Matt Nagy: It’s the old question: Which comes first, the winning or the fun? Probably the winning. But even before the victories started piling up, Nagy smuggled joy into musty Halas Hall, which had seemed allergic to it for decades. It’s not just his gimmick plays, though they have added to the merriment.

He has brought a genuineness to coaching that you rarely see in pro sports. It’s not rah-rah stuff. It’s not an over-the-top, look-at-me show. He believes, and he makes the people around him believe. That’s not easy to do in the NFL.

The phrase of the moment is ‘‘locker-room culture.’’ Every coach and GM talks about it as though it’s the ingredient. Winning games makes for the best locker-room culture of all. Nagy gets some of the credit for all of it — the fun, the culture, the winning.

MIB rating: 8.

Mitch Trubisky: He already had pressure on him, but it increased when Pace traded for Mack before the season began. Suddenly, the Bears had a championship defense. Would Trubisky get in the way of success?

The answer, mostly, has been no. He’s middle-of-the-pack in most of the major statistical categories for quarterbacks, and the up-and-down nature of his performances hasn’t stopped the Bears from going 10-4. That’s no small accomplishment for a player in his second season.

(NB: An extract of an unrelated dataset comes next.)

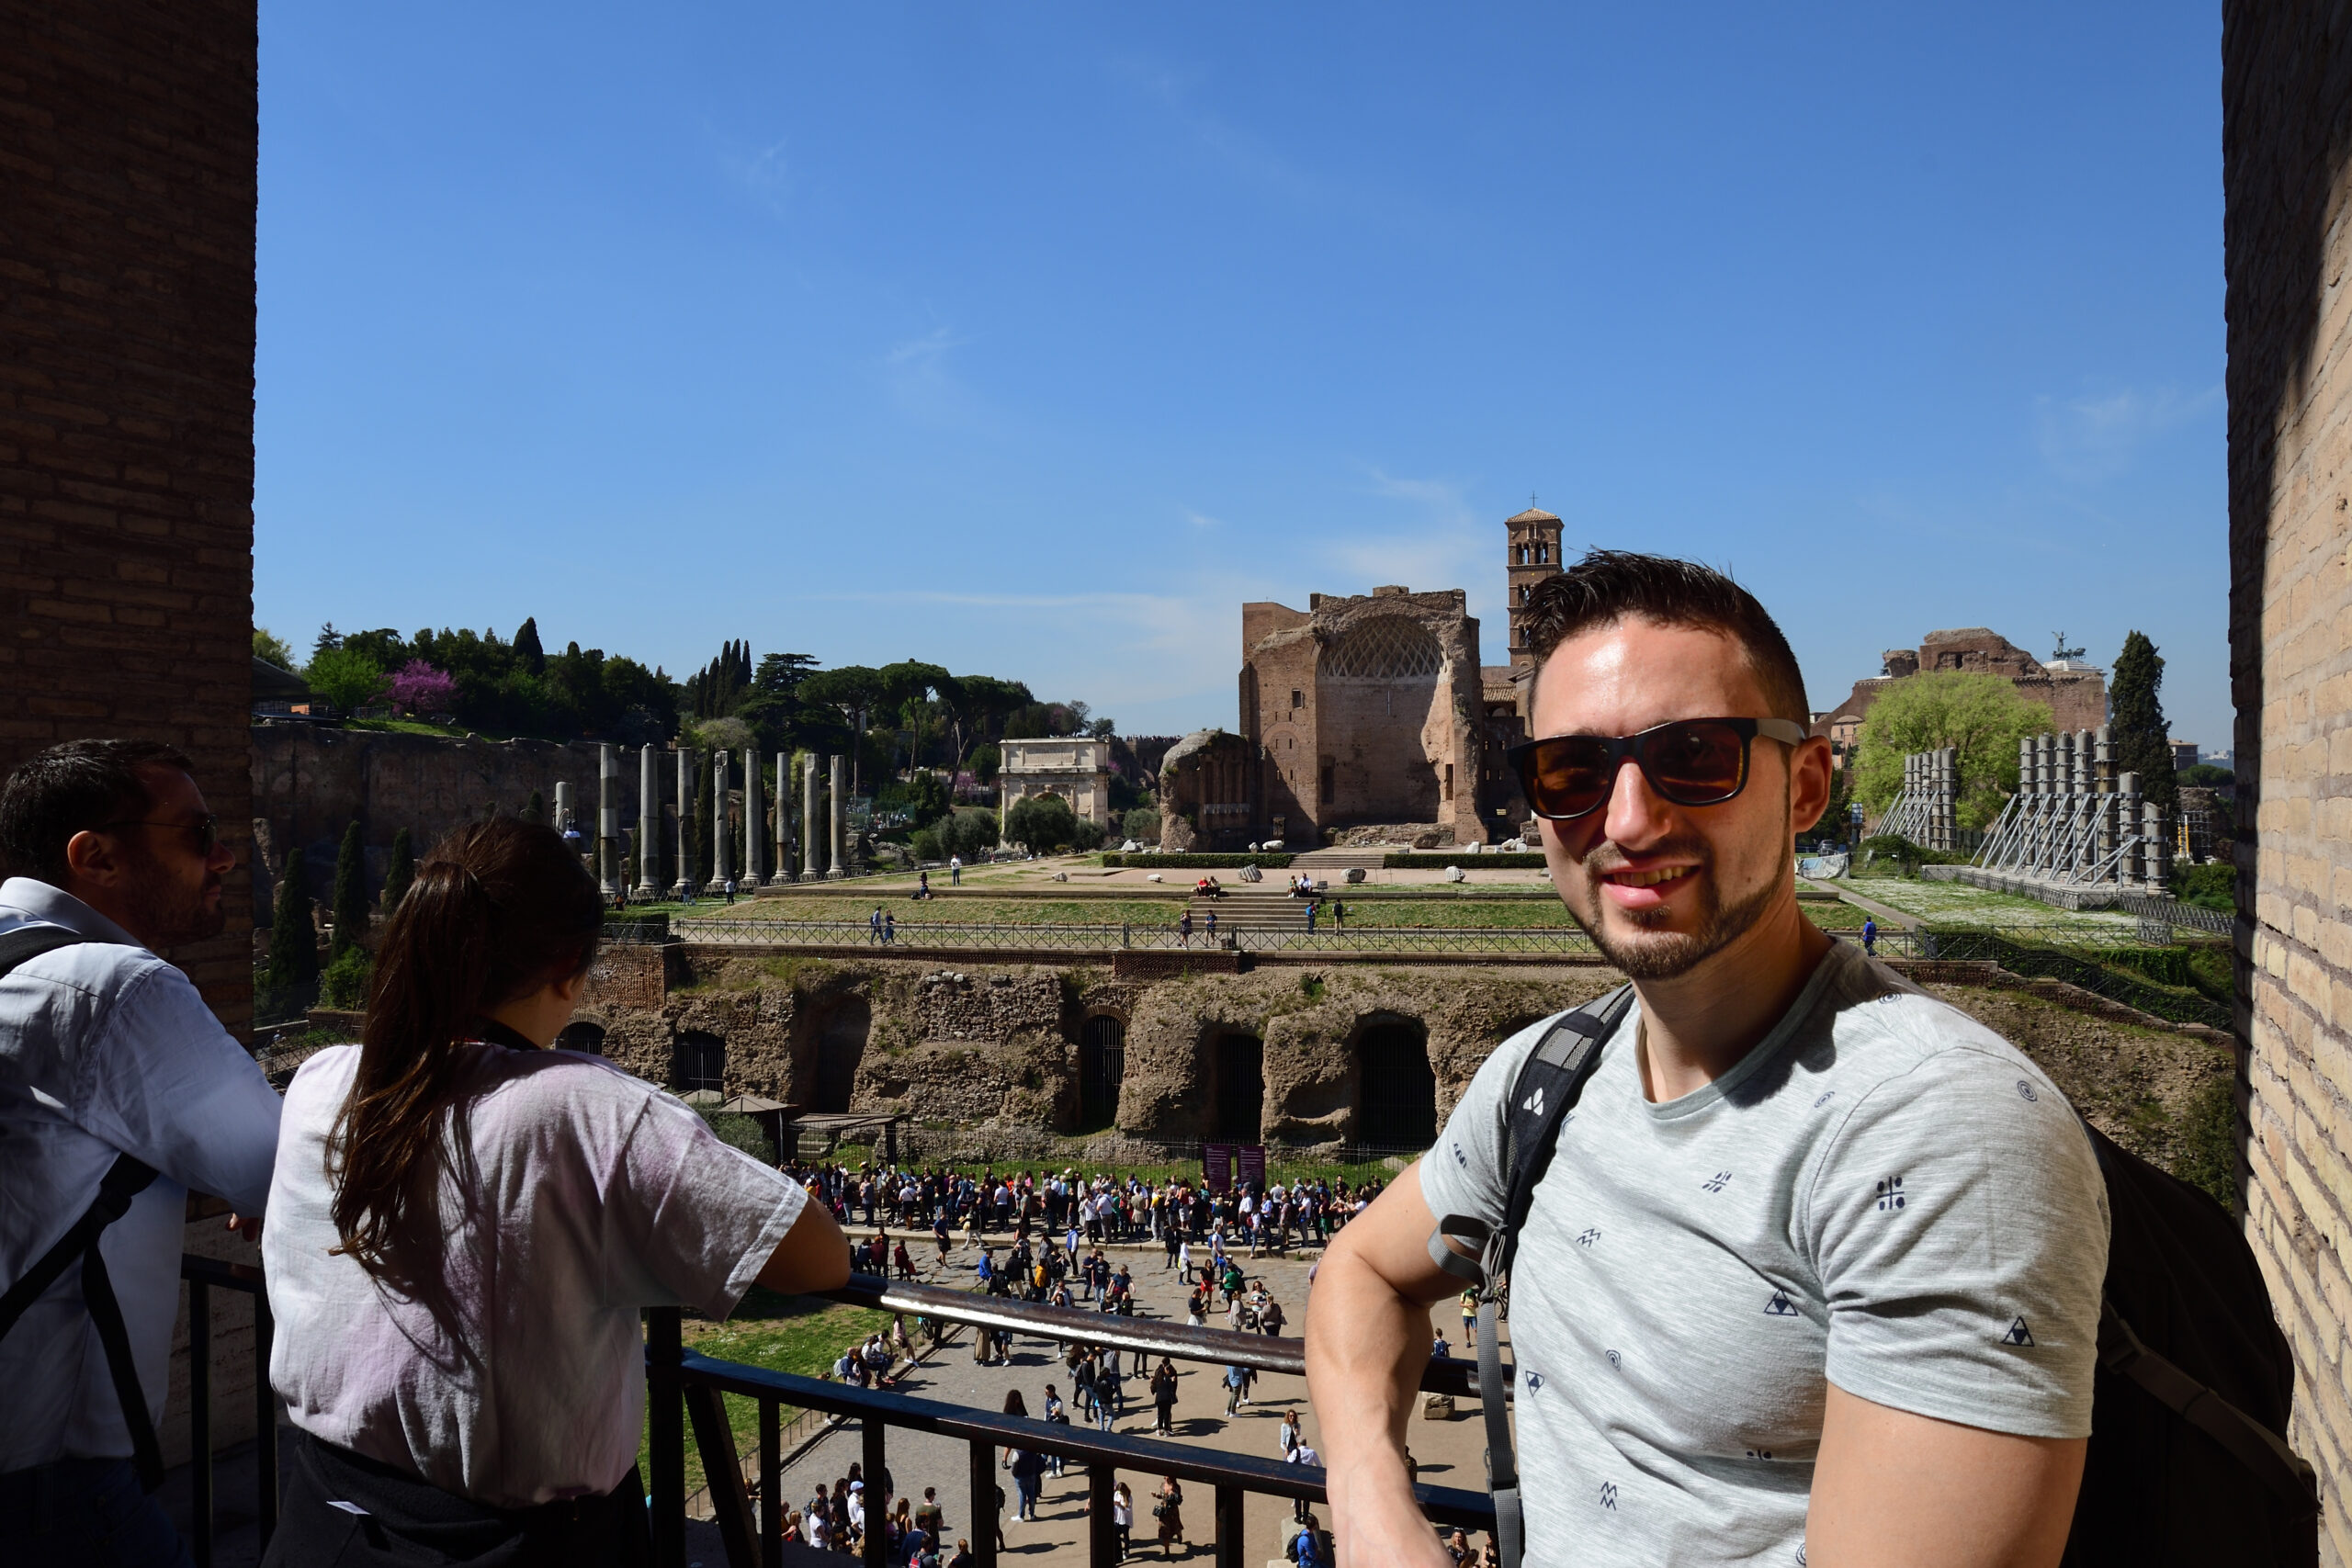 Overtoerisme in Italië - Rome - Colosseum

When it comes to the Bears’ success, it’s hard to quantify where Nagy’s play-calling ends and Trubisky’s talent begins. But the bottom line is that the offense, with the second overall pick in the 2017 draft leading it, has been effective. And with massive pressure on Trubisky not to screw up a good thing, that’s impressive.

MIB rating: 5.

The air-raid siren and public-address announcer at Soldier Field: Uh, no. Bears fans don’t need to be told when to cheer, when to make noise or when to belch the words to ‘‘Bear Down, Chicago Bears.’’ This is not an expansion franchise, and these are not fans lacking in knowledge of the game. Let me hear ya: Please stop!

MIB rating: 1.

The winner? Mack. Which is to say, everyone.